[Data extracted from a collection]
::::::::::
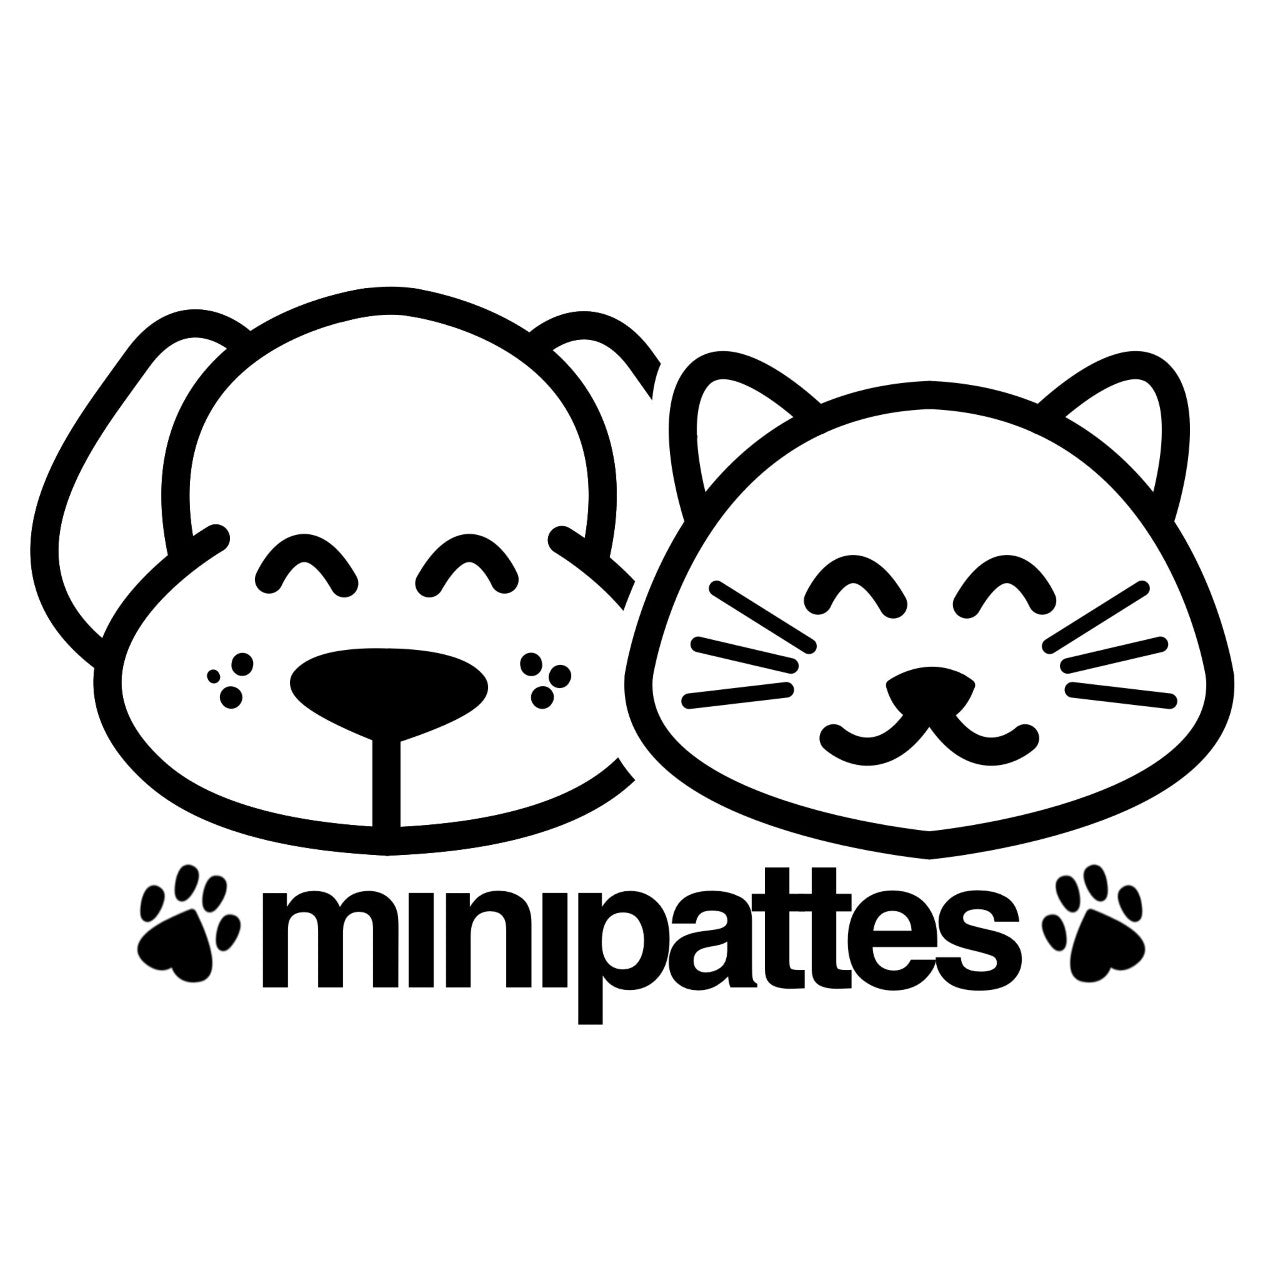 Minipattes, boutique spécialisée dans les articles pour petits chiens et chats.
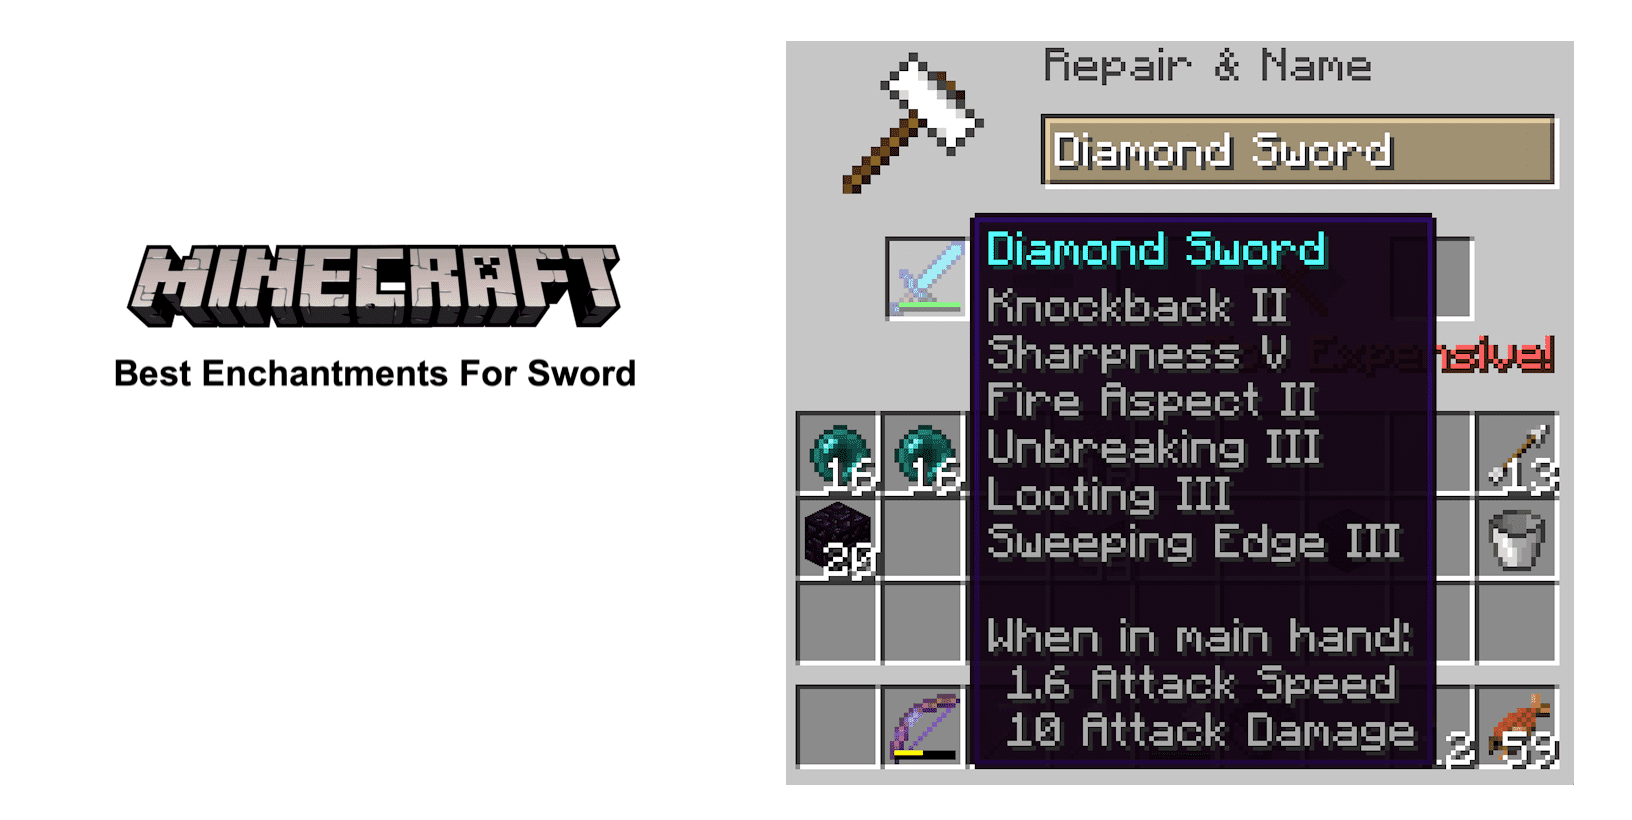 Encantamientos espada minecraft
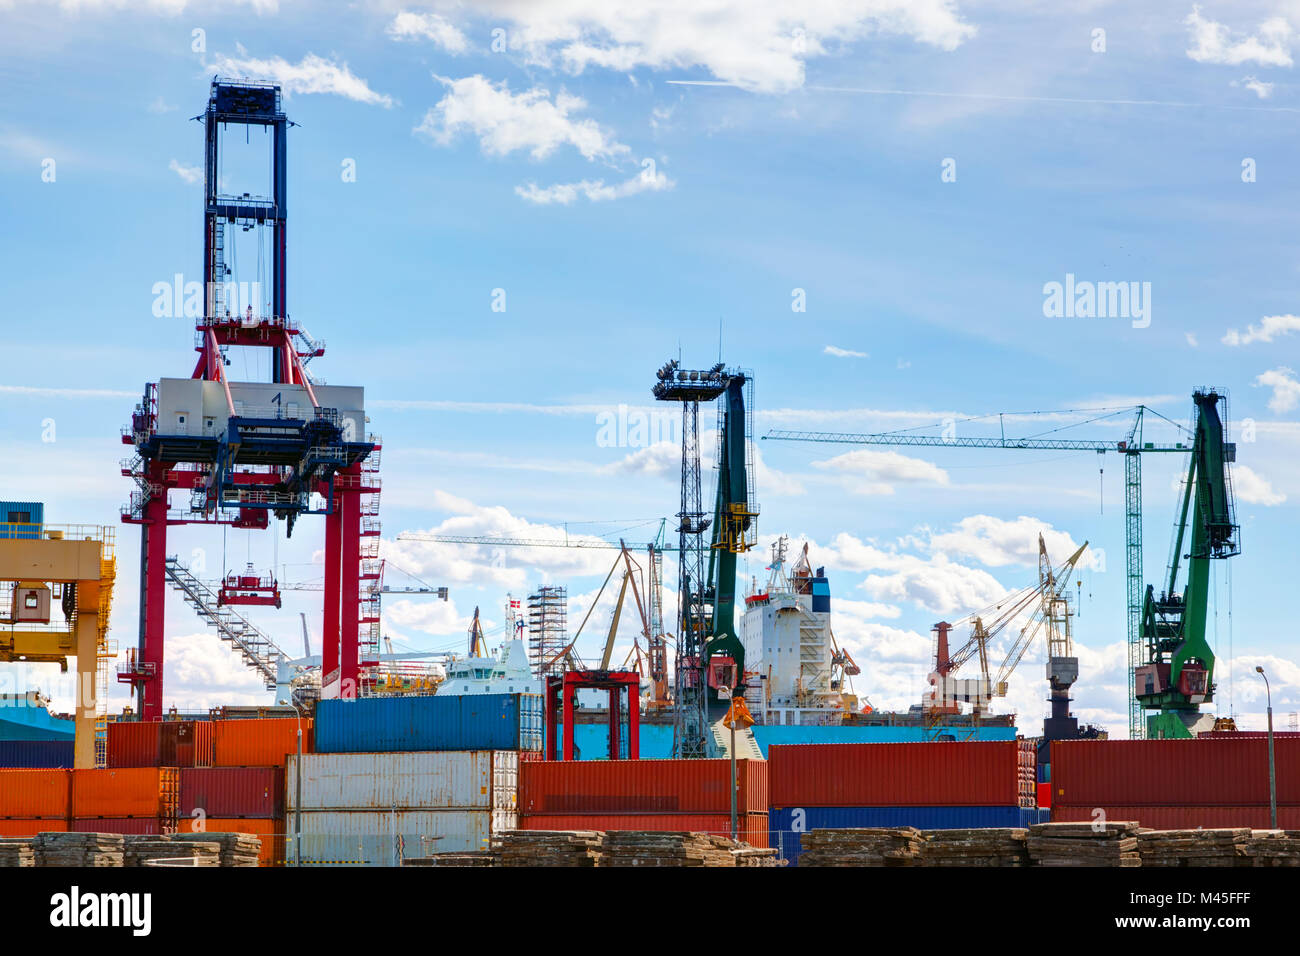 Cantiere navale. Nave in costruzione, riparazione. Industriale e dei trasporti. Foto Stock
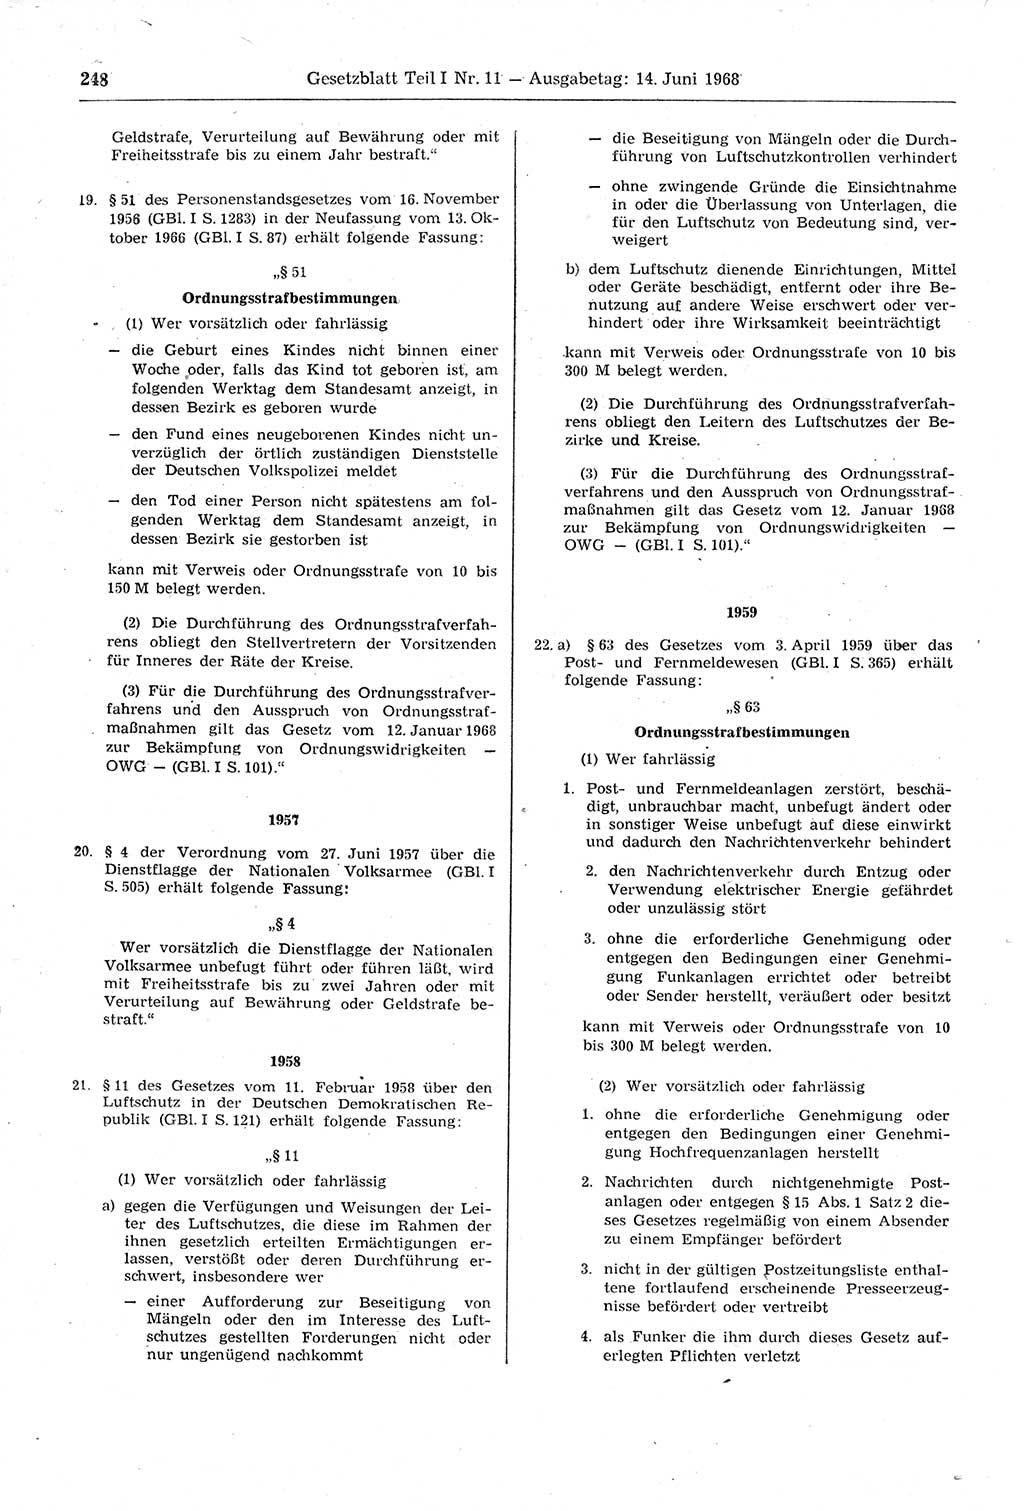 Gesetzblatt (GBl.) der Deutschen Demokratischen Republik (DDR) Teil Ⅰ 1968, Seite 248 (GBl. DDR Ⅰ 1968, S. 248)
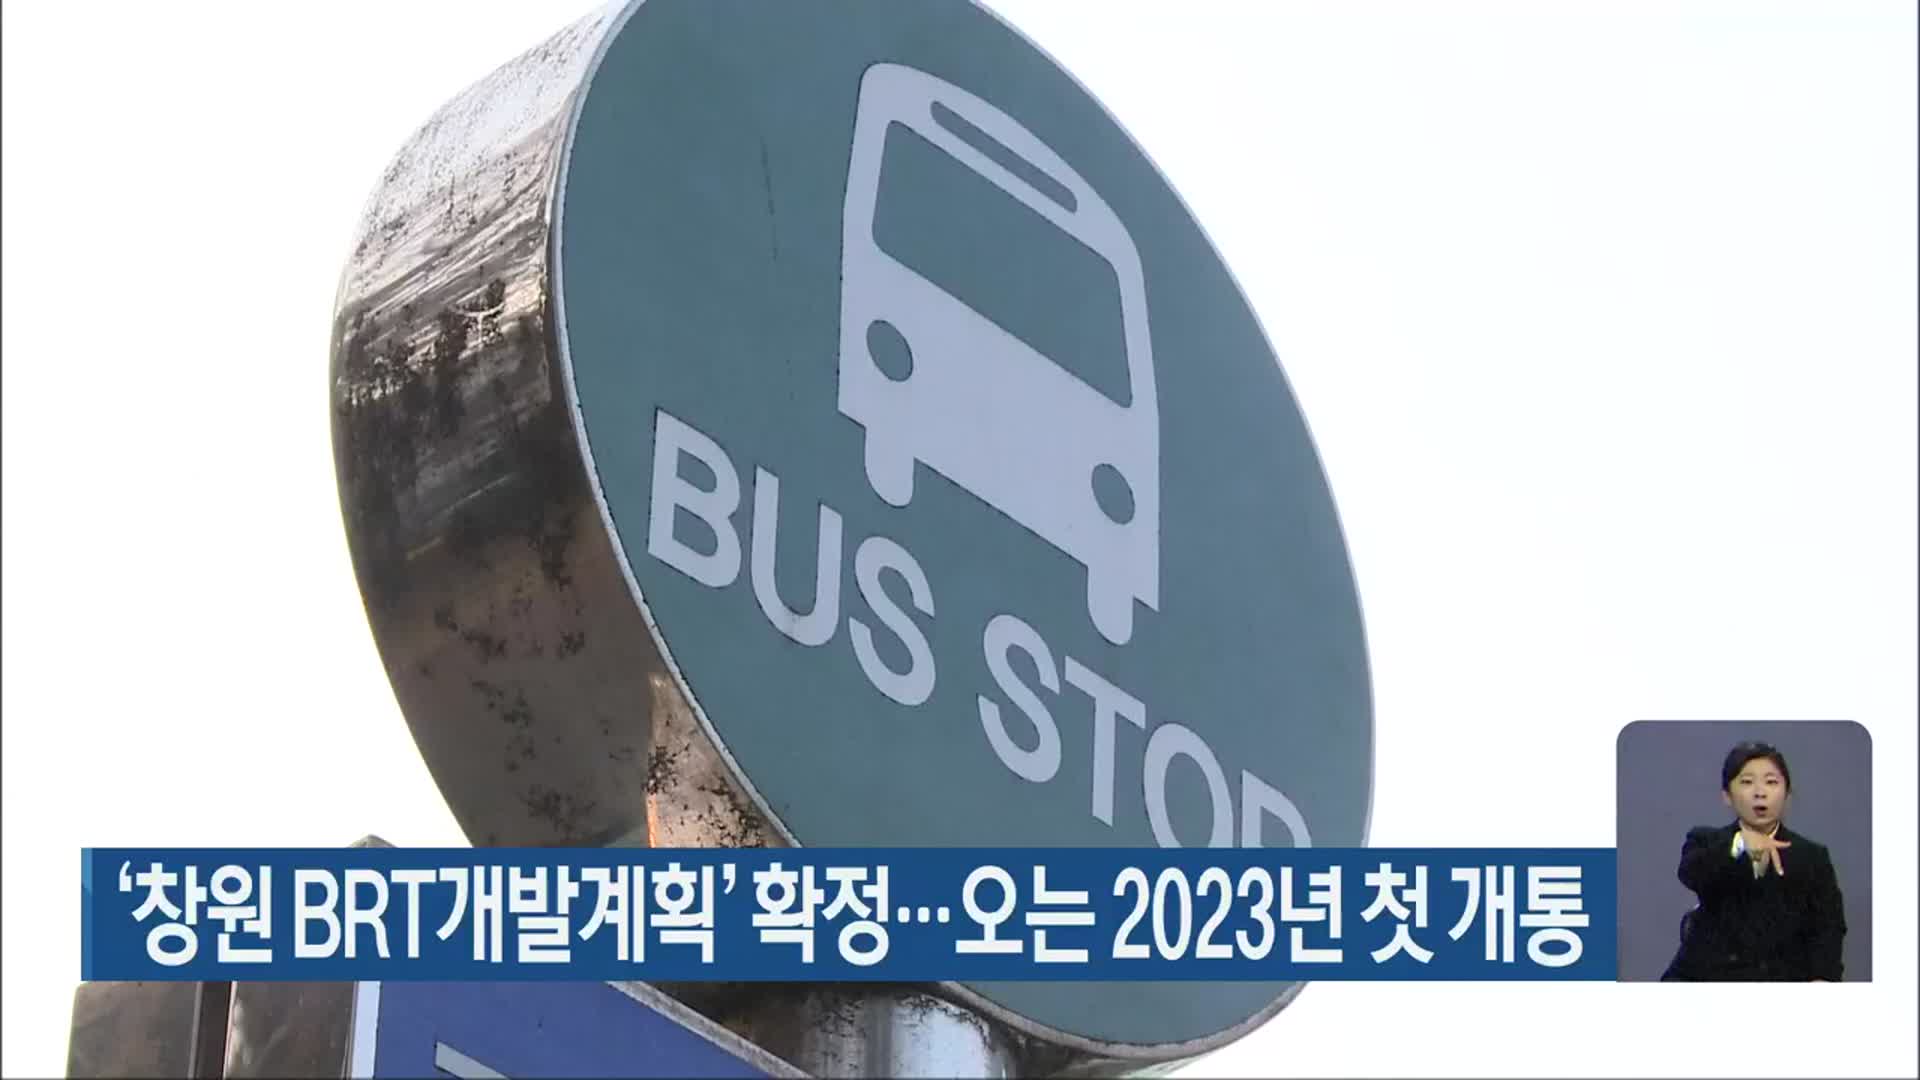 ‘창원 BRT개발계획’ 확정…오는 2023년 첫 개통
::::::::::
Try it: Without the pictures, reproduce every entry exactly as written.

Response to this exercise:
 Minipattes, boutique spécialisée dans les articles pour petits chiens et chats.
 Encantamientos espada minecraft
 Cantiere navale. Nave in costruzione, riparazione. Industriale e dei trasporti. Foto Stock
 Gesetzblatt (GBl.) der Deutschen Demokratischen Republik (DDR) Teil Ⅰ 1968, Seite 248 (GBl. DDR Ⅰ 1968, S. 248)
 ‘창원 BRT개발계획’ 확정…오는 2023년 첫 개통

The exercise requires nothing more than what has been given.